Aku sering merasa ada jarak yang pelan-pelan tumbuh di antara kami. Jarak yang tipis, hampir tidak terlihat, tapi terasa. Jarak yang tidak pernah dibicarakan, tapi disadari.
Aku sering ingin mengirim pesan panjang padanya. How's your day? Or my day is so... Tapi selalu ada rasa takut akan mengganggunya, takut waktunya tidak pas.

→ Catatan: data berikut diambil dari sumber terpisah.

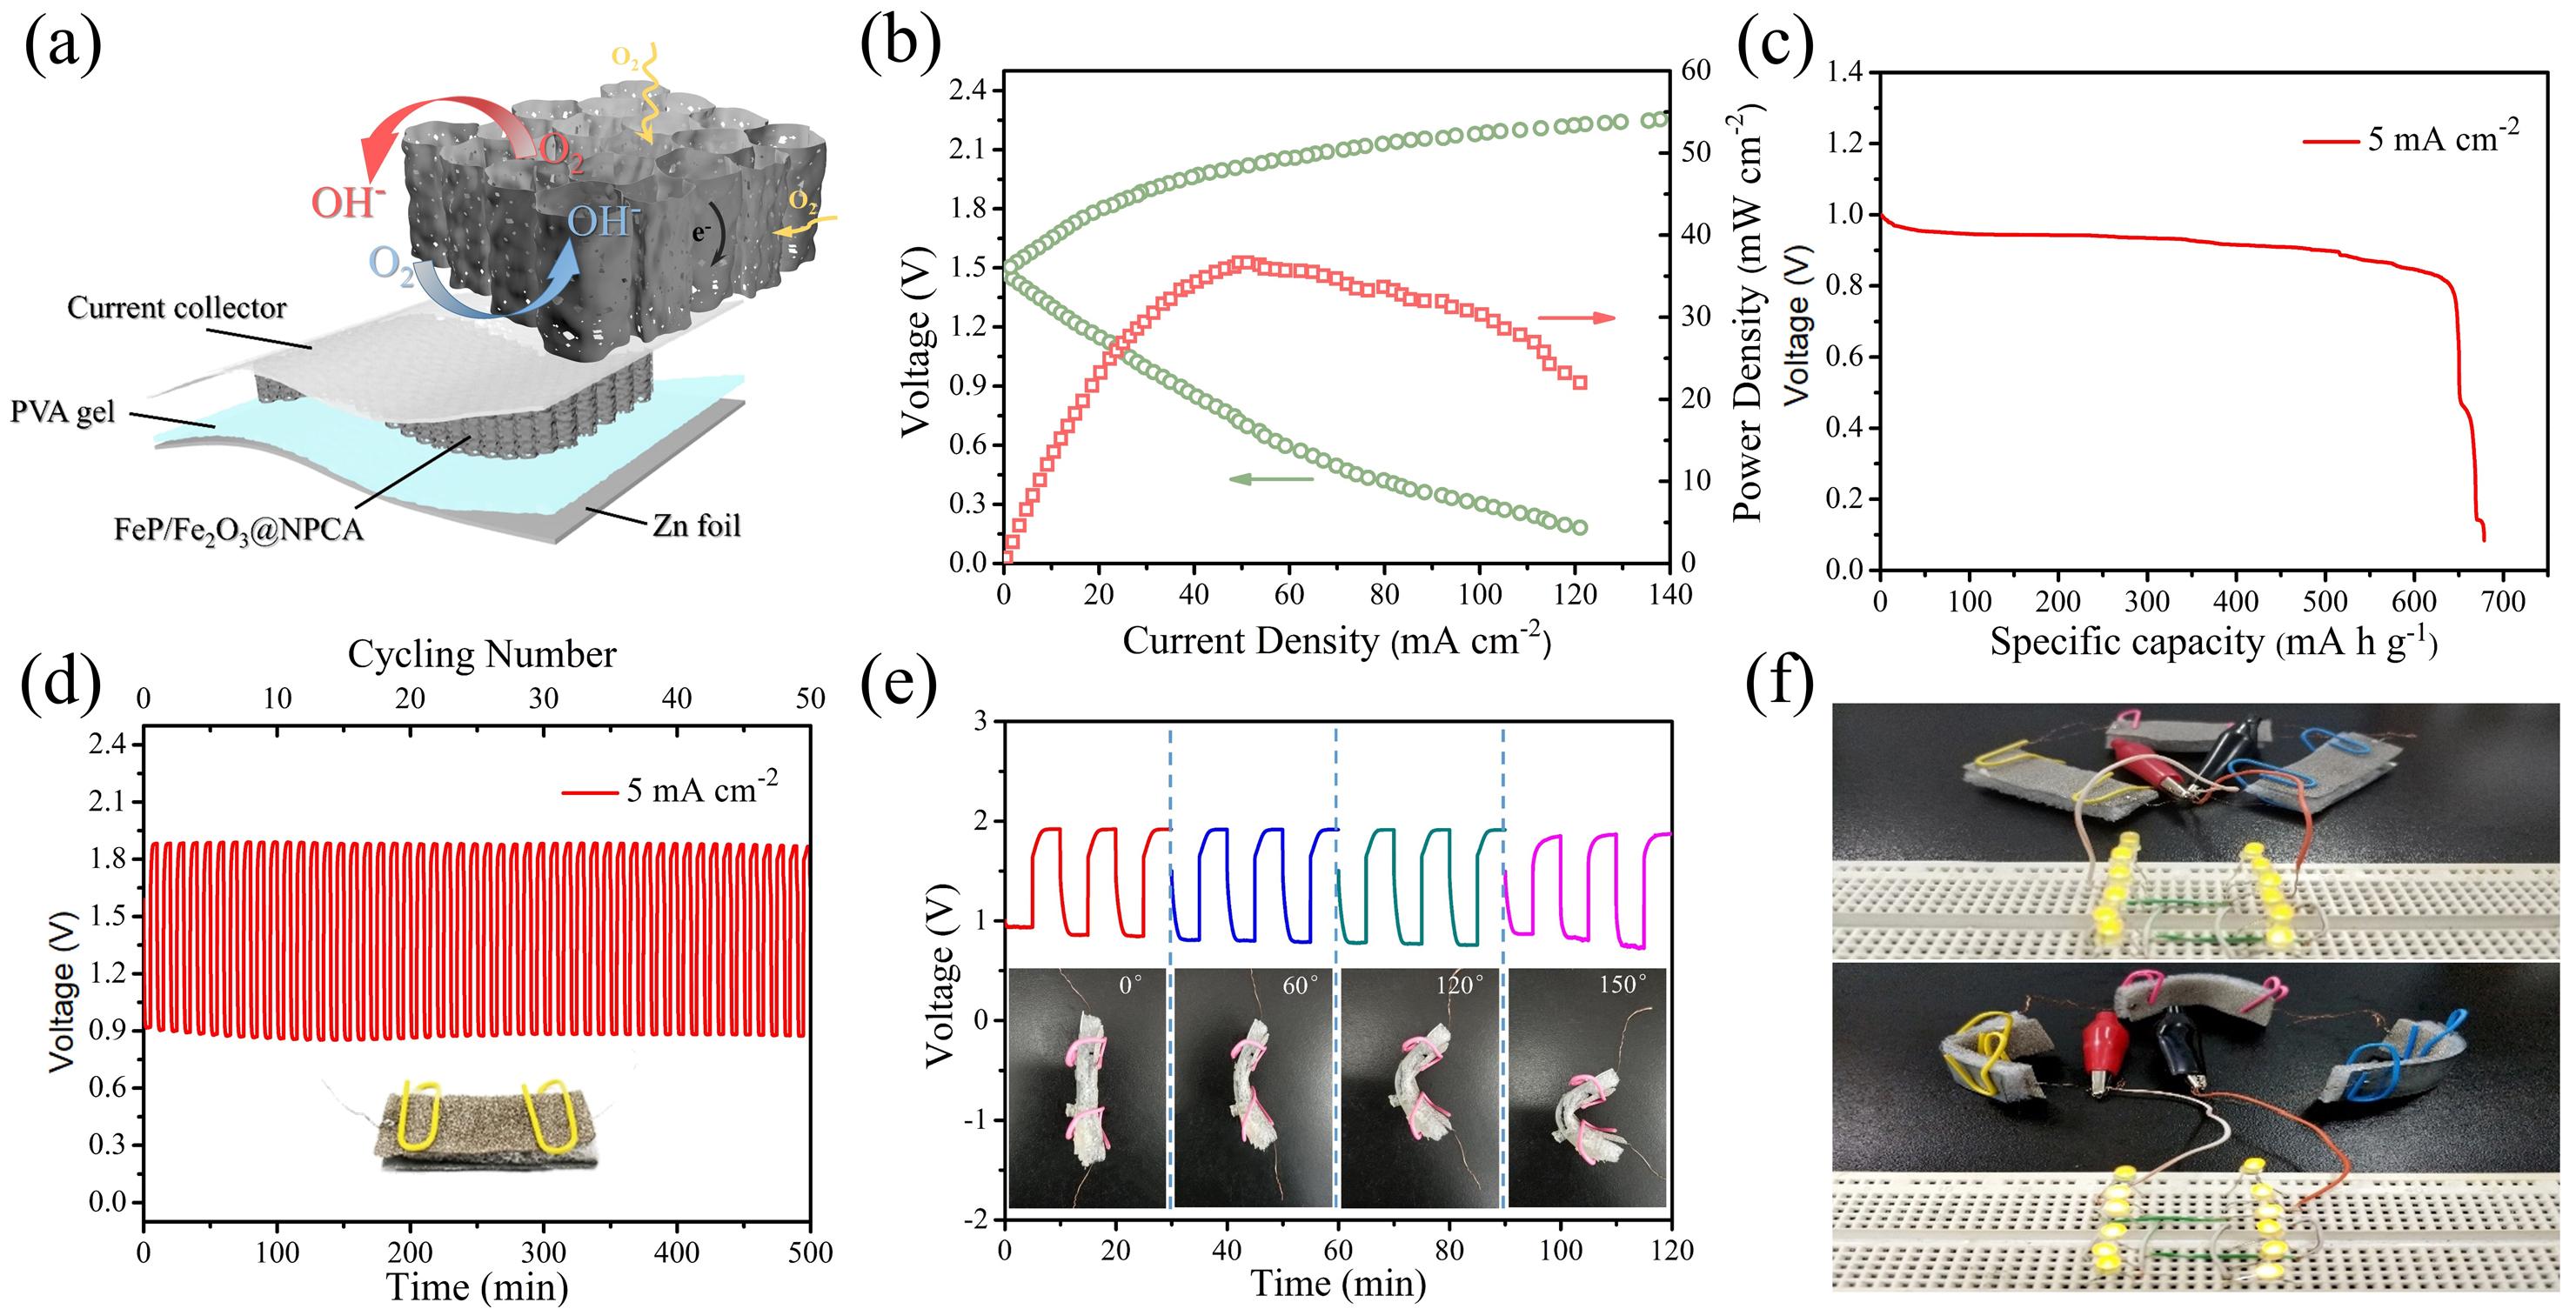 华南理工彭新文教授AM:可再生木材纤维素碳气凝胶用于柔性锌空电池体相电极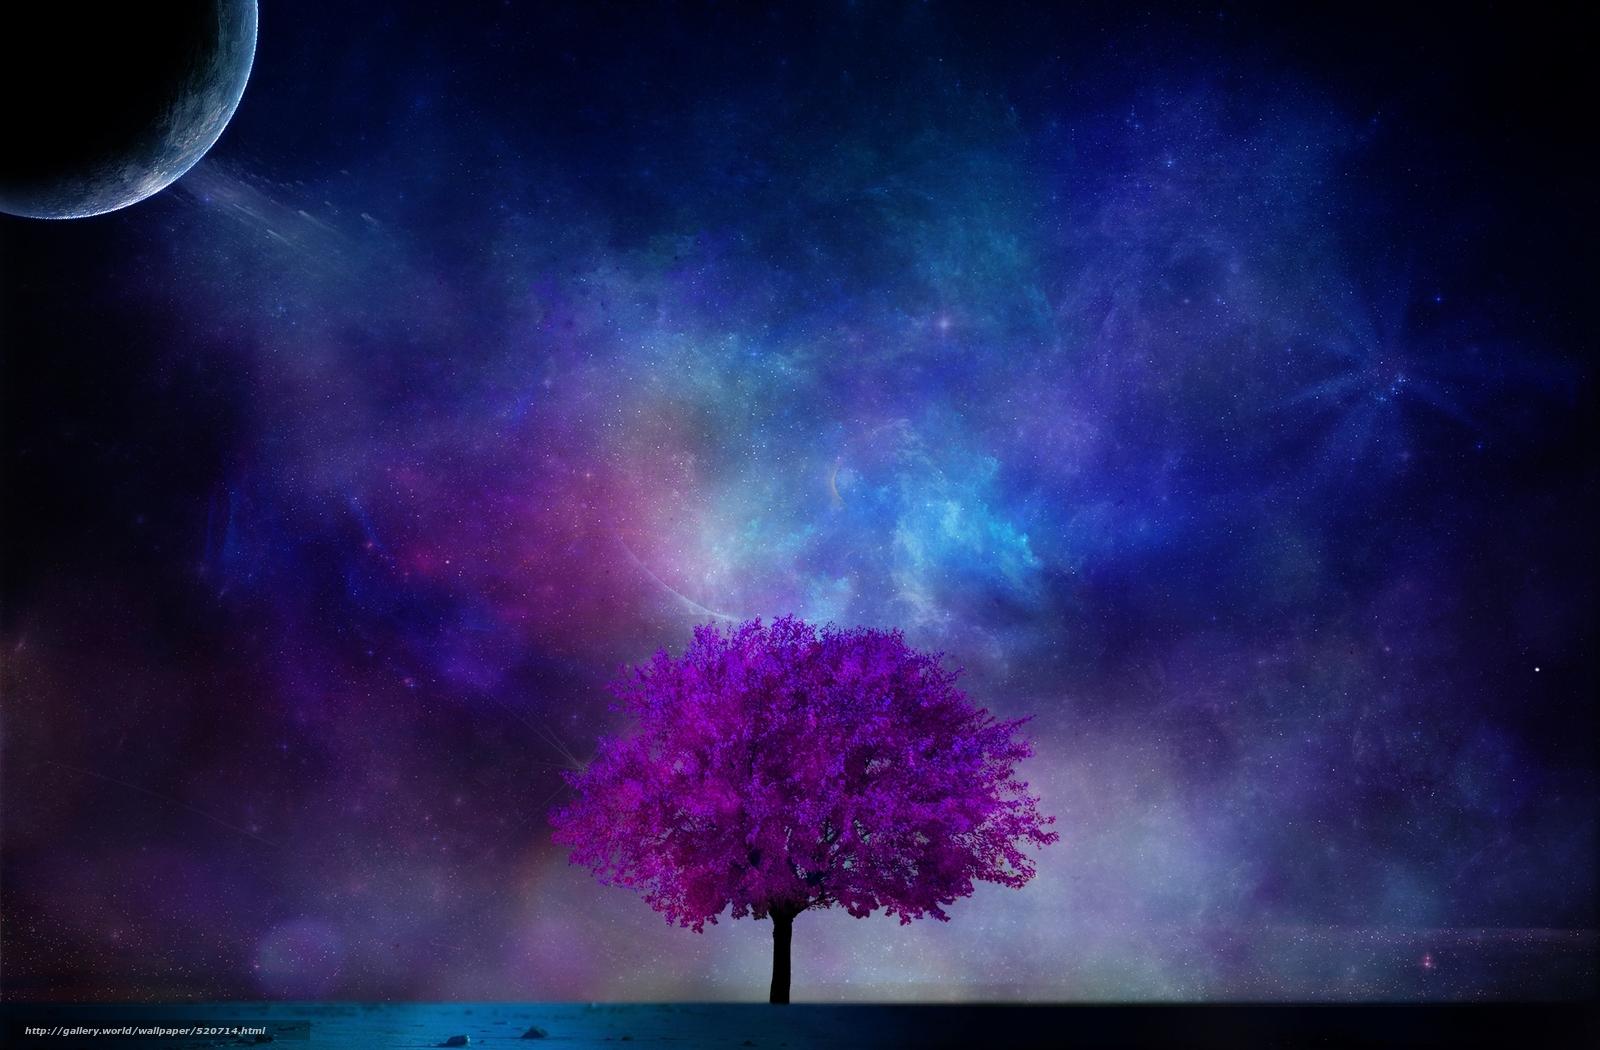 Tlcharger fond d 39 ecran arbre plante 3d art fonds d for Plante 3d gratuit

Aku tahu dia pun punya cerita. Tentang anaknya yang rewel, rumahnya yang tidak pernah selesai dibersihkan, tentang capek yang kadang datang tanpa permisi. Tapi, mungkin dia pun menahan diri. Mengira aku sibuk, atau mengira ceritanya tidak lagi cocok dengan duniaku.
Dan saat saling menahan, saat itulah jarak mulai tumbuh.
Aku merindukan waktu itu. Merindukan haha hihi yang tidak sulit didapatkan, tidak perlu ditunggu, dan tidak perlu dibuat-buat.
Aku bangga padanya. Dia banyak berubah. Jauh dari sebelumnya, ia meninggalkan banyak hal yang mungkin sudah tidak seharusnya. Dan ku rasa, dia dan orang-orang yang menyayanginya pun bangga pada dirinya.
Aku juga bangga pada kami. Karena kami tidak saling meninggalkan meski ritme kehidupan berubah, dan bangga karena kami tetap menemukan satu sama lain, meski ada jeda.
Mungkin inilah cara persahabatan dewasa bekerja. Tidak selalu dekat, tidak selalu hadir. Tapi tetap tinggal, tetap ada, dan tetap jadi bagian dari diri kami.